Lael Wilcox talks Nutrition, Adventure Cycling, and the Joy of Riding

Jul 11th, 2022

This interview has been edited for clarity. 

Lael Wilcox is one of the world’s best endurance cyclists. She won the Trans Am Bike Race in 2016, set the Tour Divide’s women’s course record as an individual time trial in 2015, and set the overall course record on the Baja Divide Route. In 2022, she set the Fastest Known Time (FKT) on the Arizona Trail. She is known for her prolific wins, as well as her inclusive approach to getting more women and girls riding bikes. I interviewed Lael — also a Gnarly Nutrition athlete —over the phone to chat about nutrition, adventure cycling, and the joy of riding. 

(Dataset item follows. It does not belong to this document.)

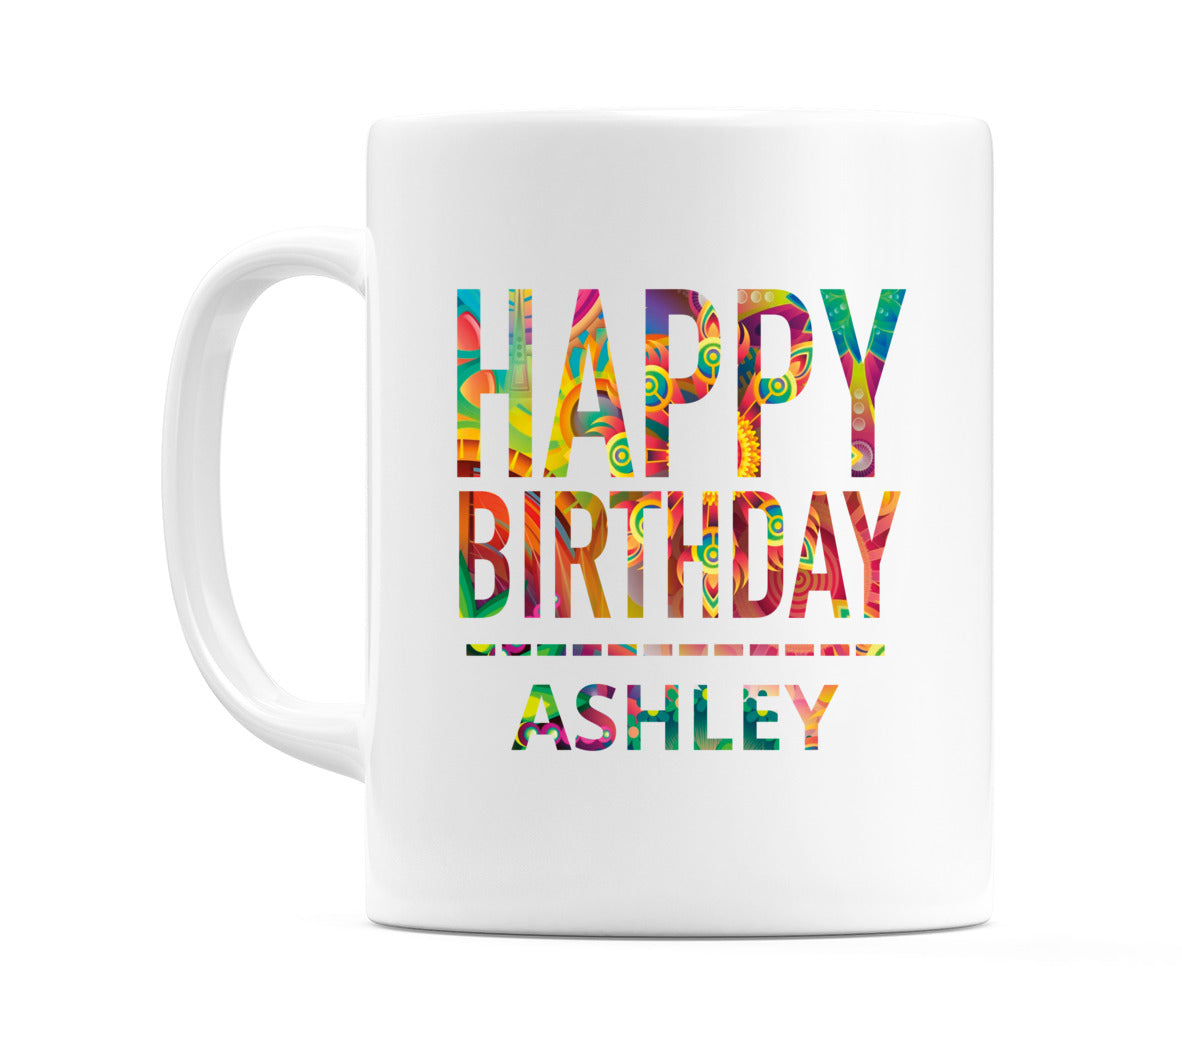 Happy Birthday Ashley (Tie Dye Effect) Mug Cup by WeDoMugs
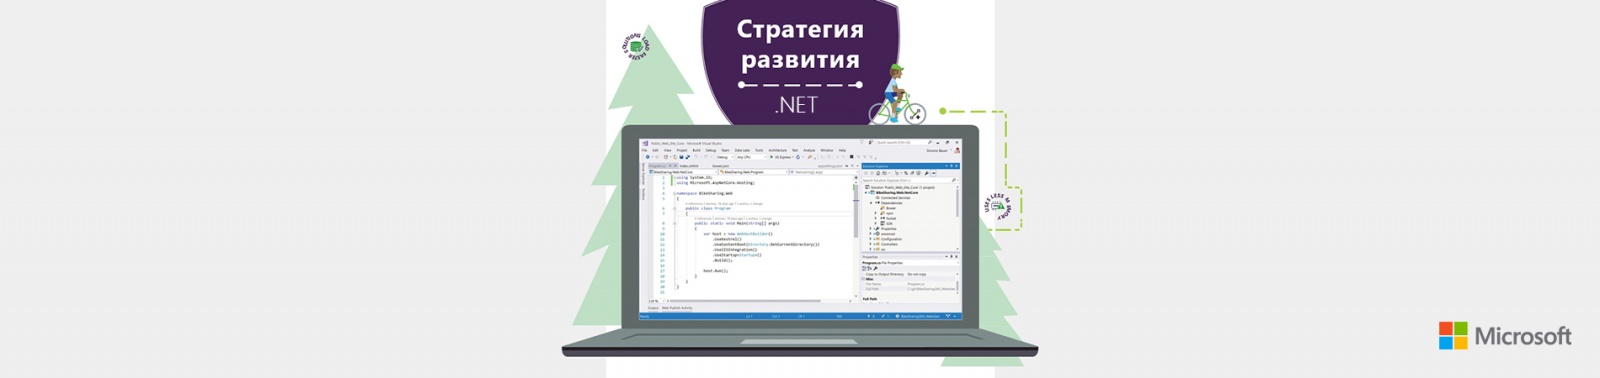 Стратегия развития языков программирования .NET - 1

Laura:  Hi Lael! How are you and where have you been riding recently?

Lael: I’m in Spain and I just finished an endurance road race in Catalonia. Nine hundred miles with 80,000 feet of climbing, so I am pretty cooked. But it was all beautiful and I loved it. I’ve been here for about a month. First I had the Women’s Rally, which I wrote about for Adventure Cyclist — super excited to share that. And a couple of weeks later, I did this road race. Such a wonderful group of people puts it on. On Monday, I fly to Italy, and the next step is a race across the Balkans. So just trying to recover so I can give it my all. Summertime is so busy with events; there’s so much fun!

Laura: So this last ride you did was self-supported?

Lael: Yes. And it took four days, ten minutes. But fortunately, there’s delicious food here. It’s a lot different than riding in Alaska! I mostly ate Spanish tortillas: an egg and potato dish. It was really good.

Laura: What was that like, having to resupply on this race? Was it difficult to find food? Was it easy? 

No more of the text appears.